When he returned, Velazquez took advantage of the Academic Renewal program where if you are gone seven years anything less than a ‘C’ the school will wipe from your transcript provided you replace that credit.
There have been all kinds of time warp moments. Dr. Michael Evans, a lecturer in the Political Science Department, mock trial adviser and the teacher Velazquez is closest with, is only four years older than him. Velazquez walks by classrooms where he earned every bit of an ‘F.’ But those bumps from 17 years ago never throw him off.
“I’m back in Kell (Hall) taking astronomy again, a class I failed,” he said. “This is actually a really fun class.”
What is that famous line from the movies? “You may try and forget the past, but the past does not forget you.” Velazquez skirts right by the distressed academic past and immerses himself in the new fun.

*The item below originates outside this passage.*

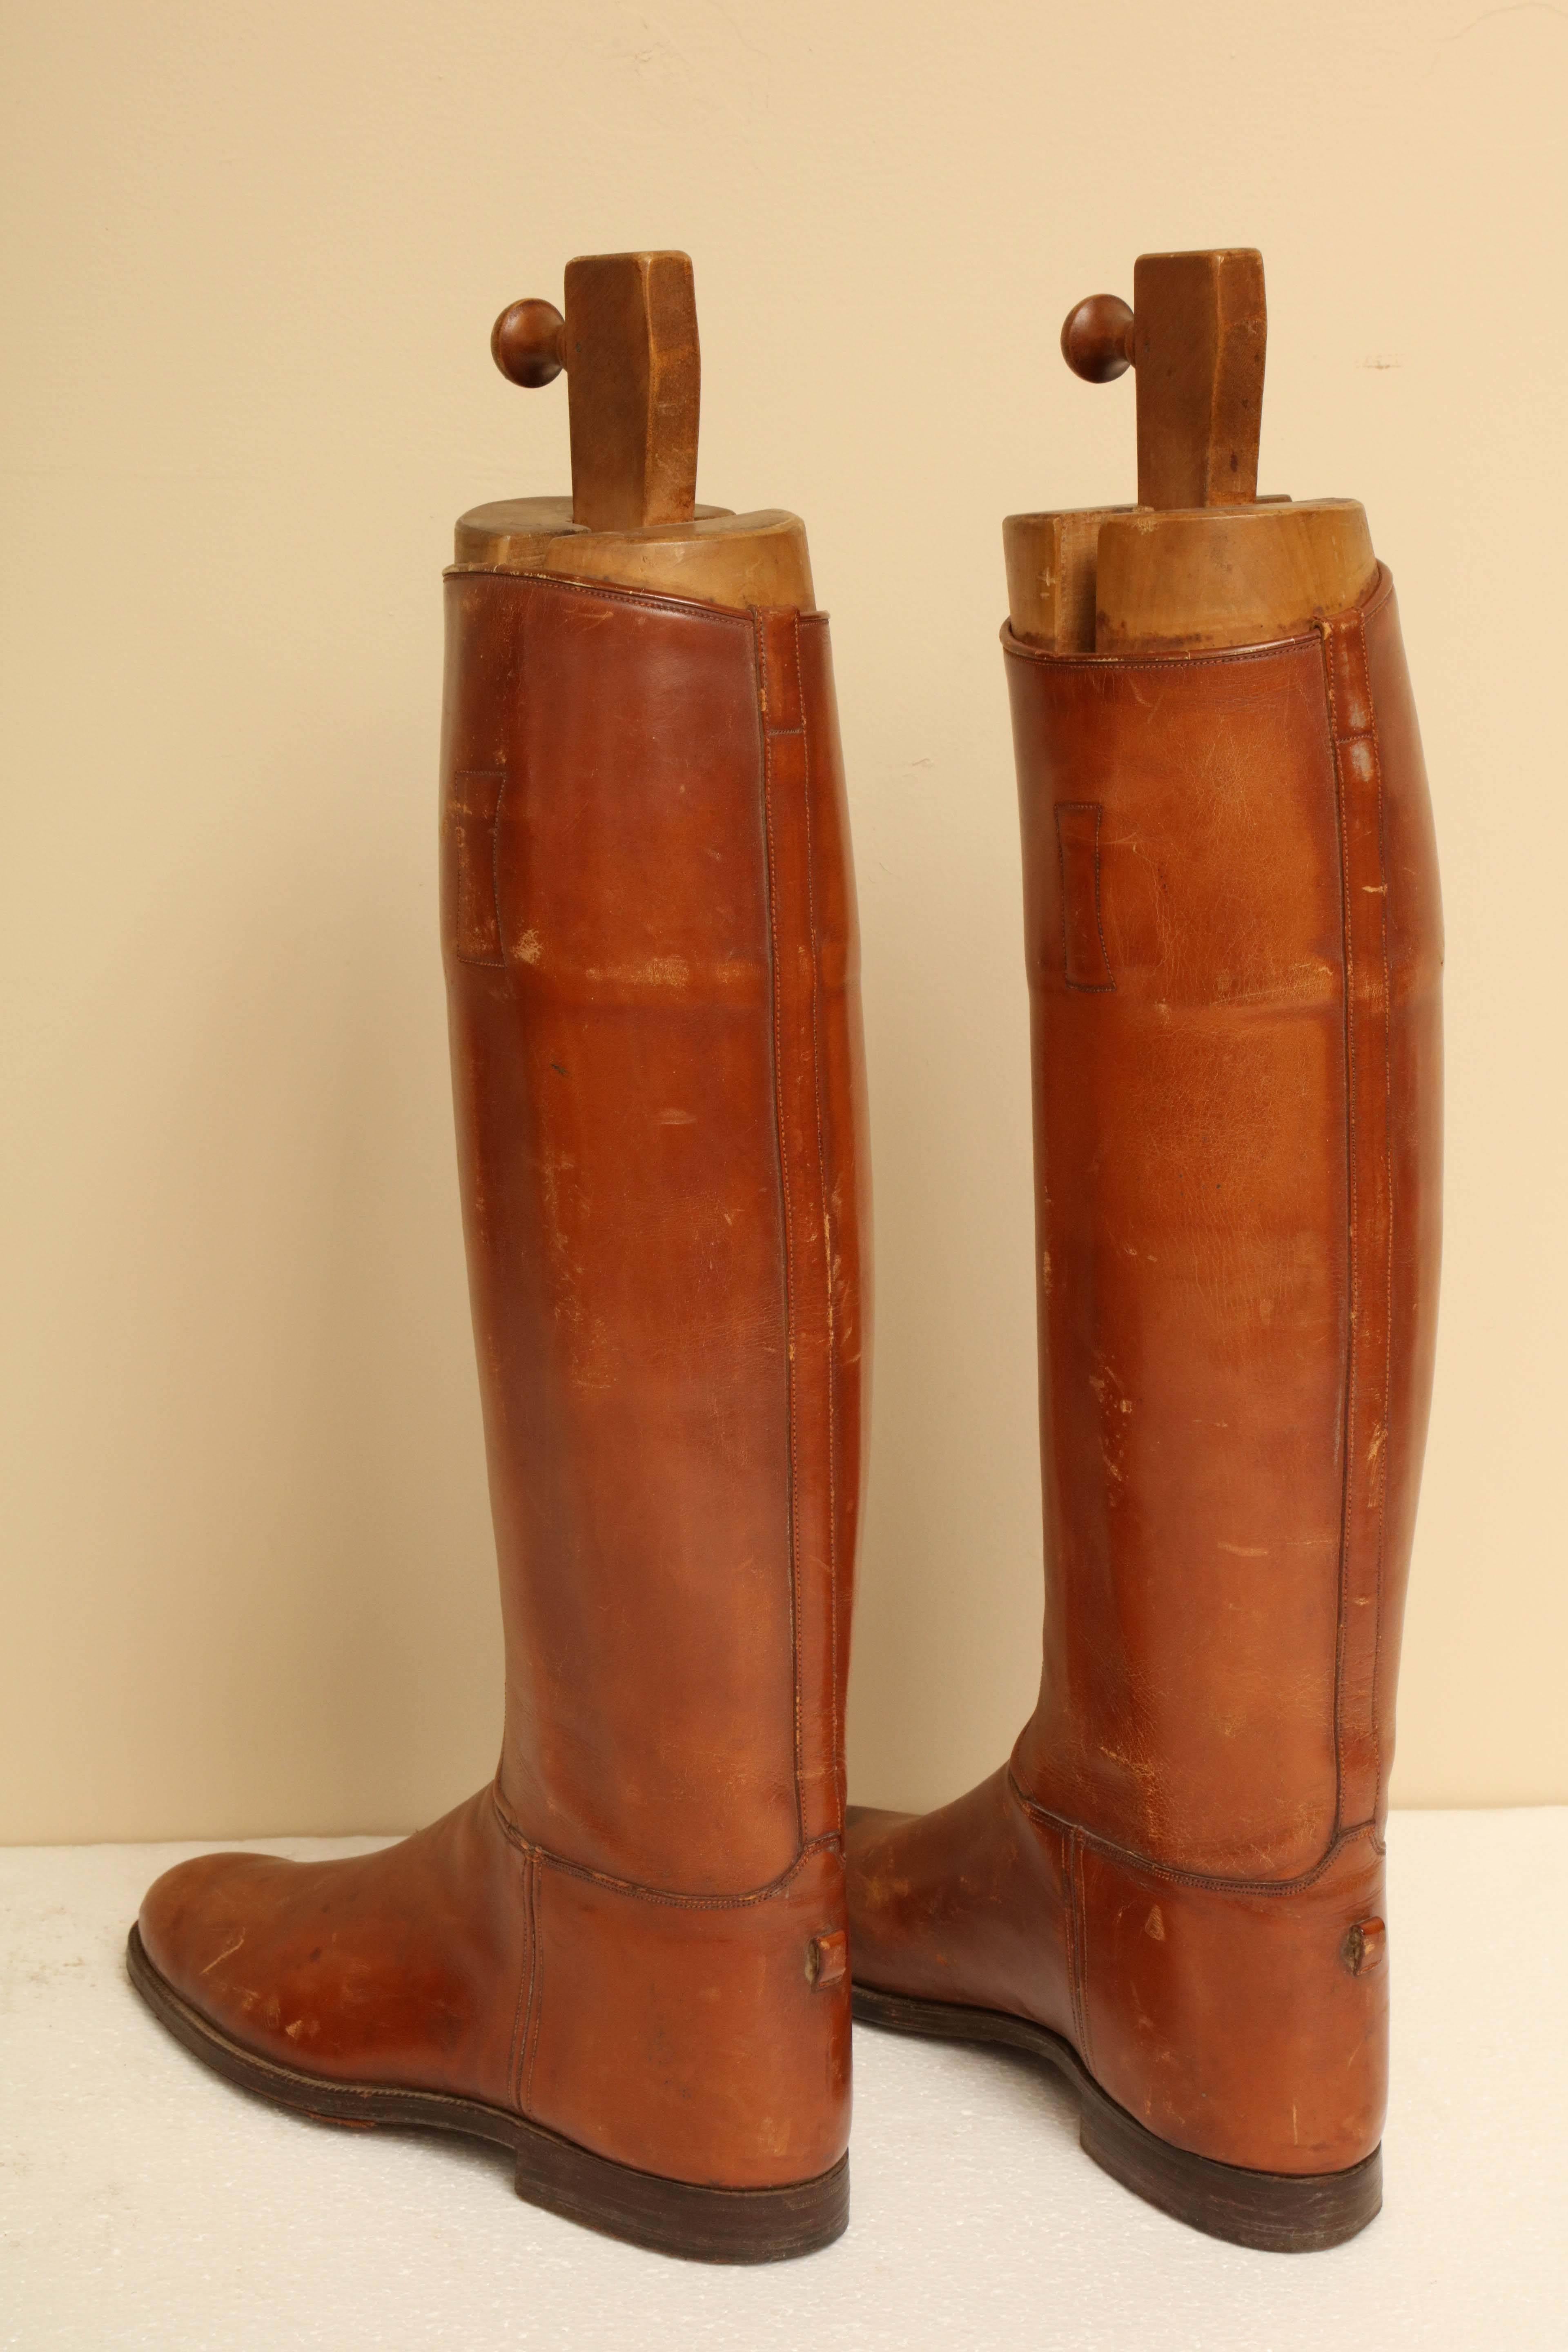 20th Century Pair of English Riding Boots with Custom Boot Trees
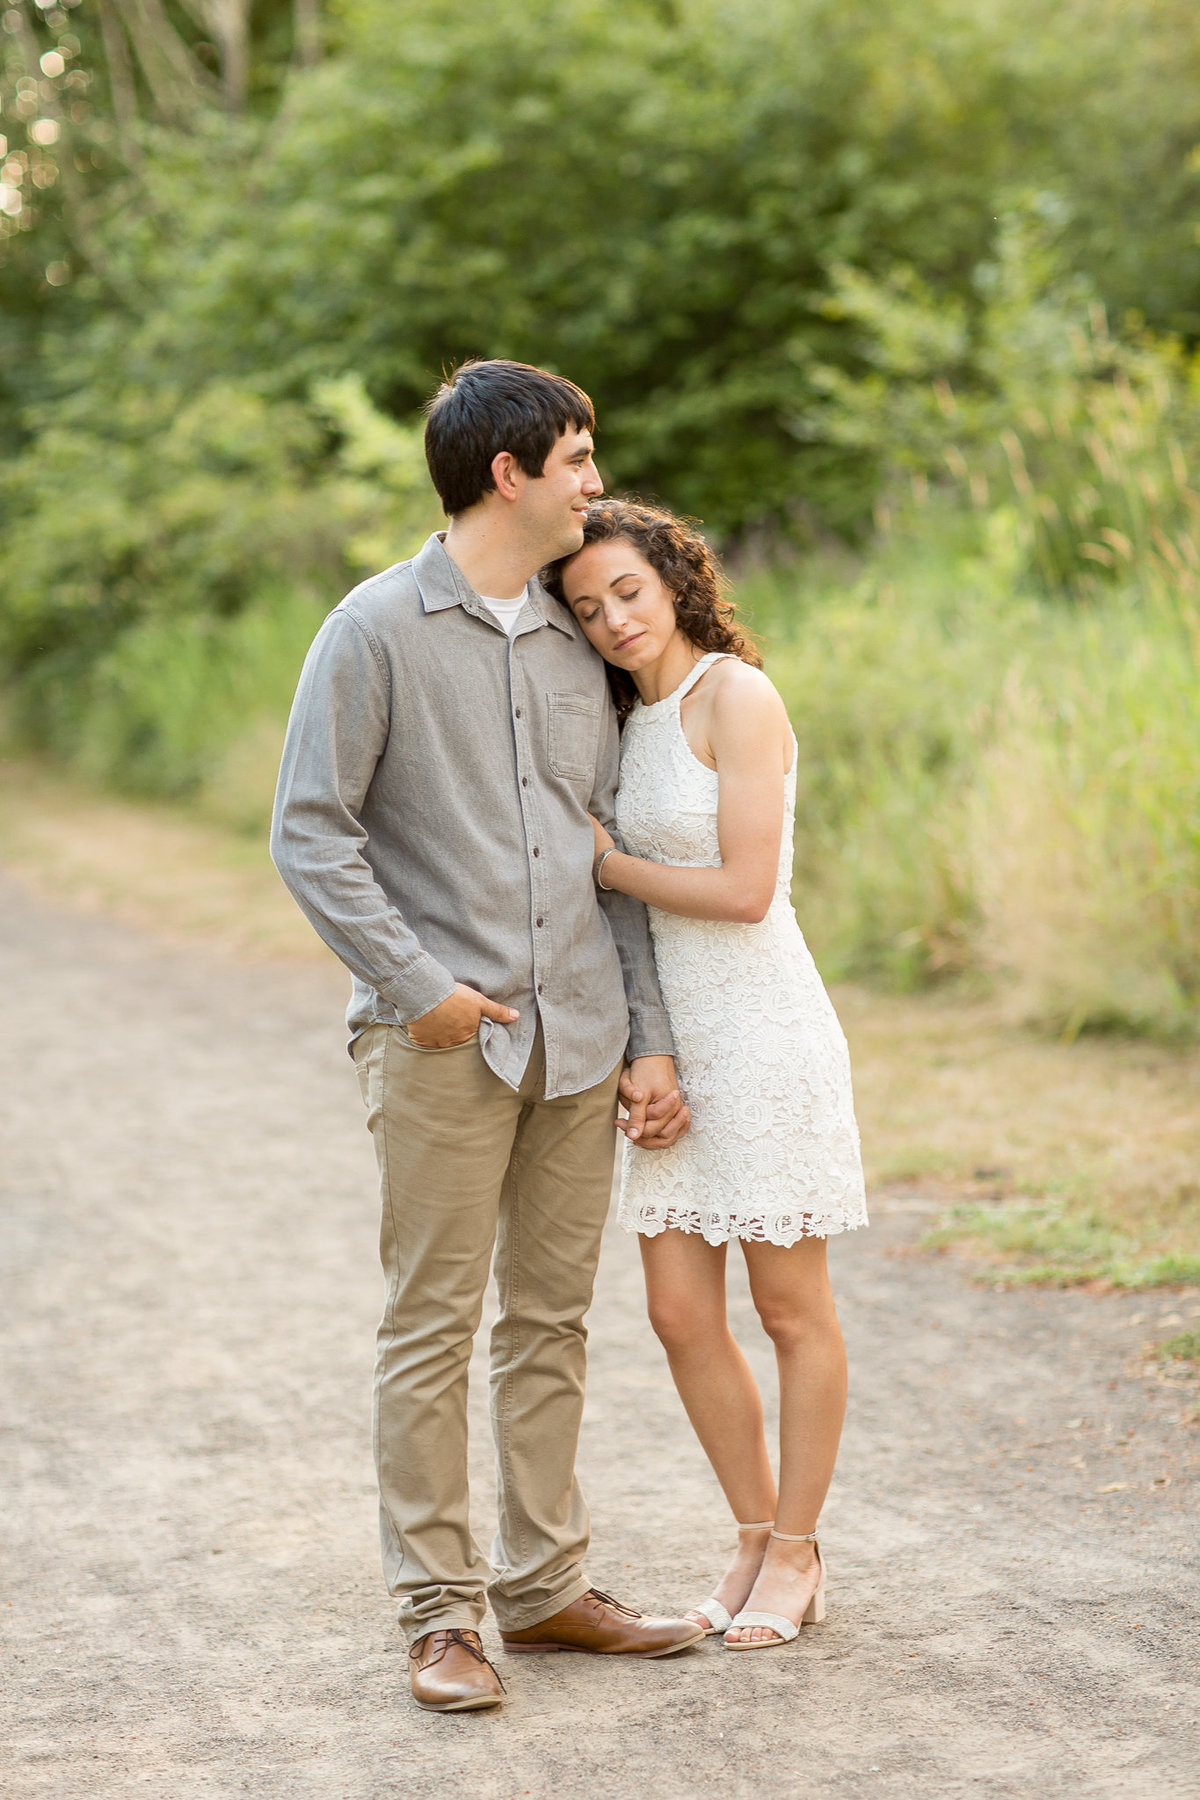 Blake & Annie | Previews | Emily Moller Photography (4 of 5)

For him, Georgia State is a get down, get dirty kind of place where intellect meets grit and you combine the two and get somebody ready for the outside world. Velazquez just had it inside out for 13 years. He did outside world first and then came back for the polish.
Velazquez has even more motivation to get to law school and become a lawyer. His grandmother was a year away from a law degree in Cuba when Fidel Castro came to power. She fled the country and never became a lawyer.
In 2015, he studied abroad in Cuba, the first time a member of his family had been there in almost 50 years.
“Like I said, I owe this place a lot,” said Velazquez, who is fluent in Spanish. “It’s all there if you look for it. You have to go after it. There is so much stuff going on on this campus, but you don’t know it. You walk right by a building and go ‘Oh, we own this building.’
“You have to seek it out. This place gives you every opportunity to fix yourself.”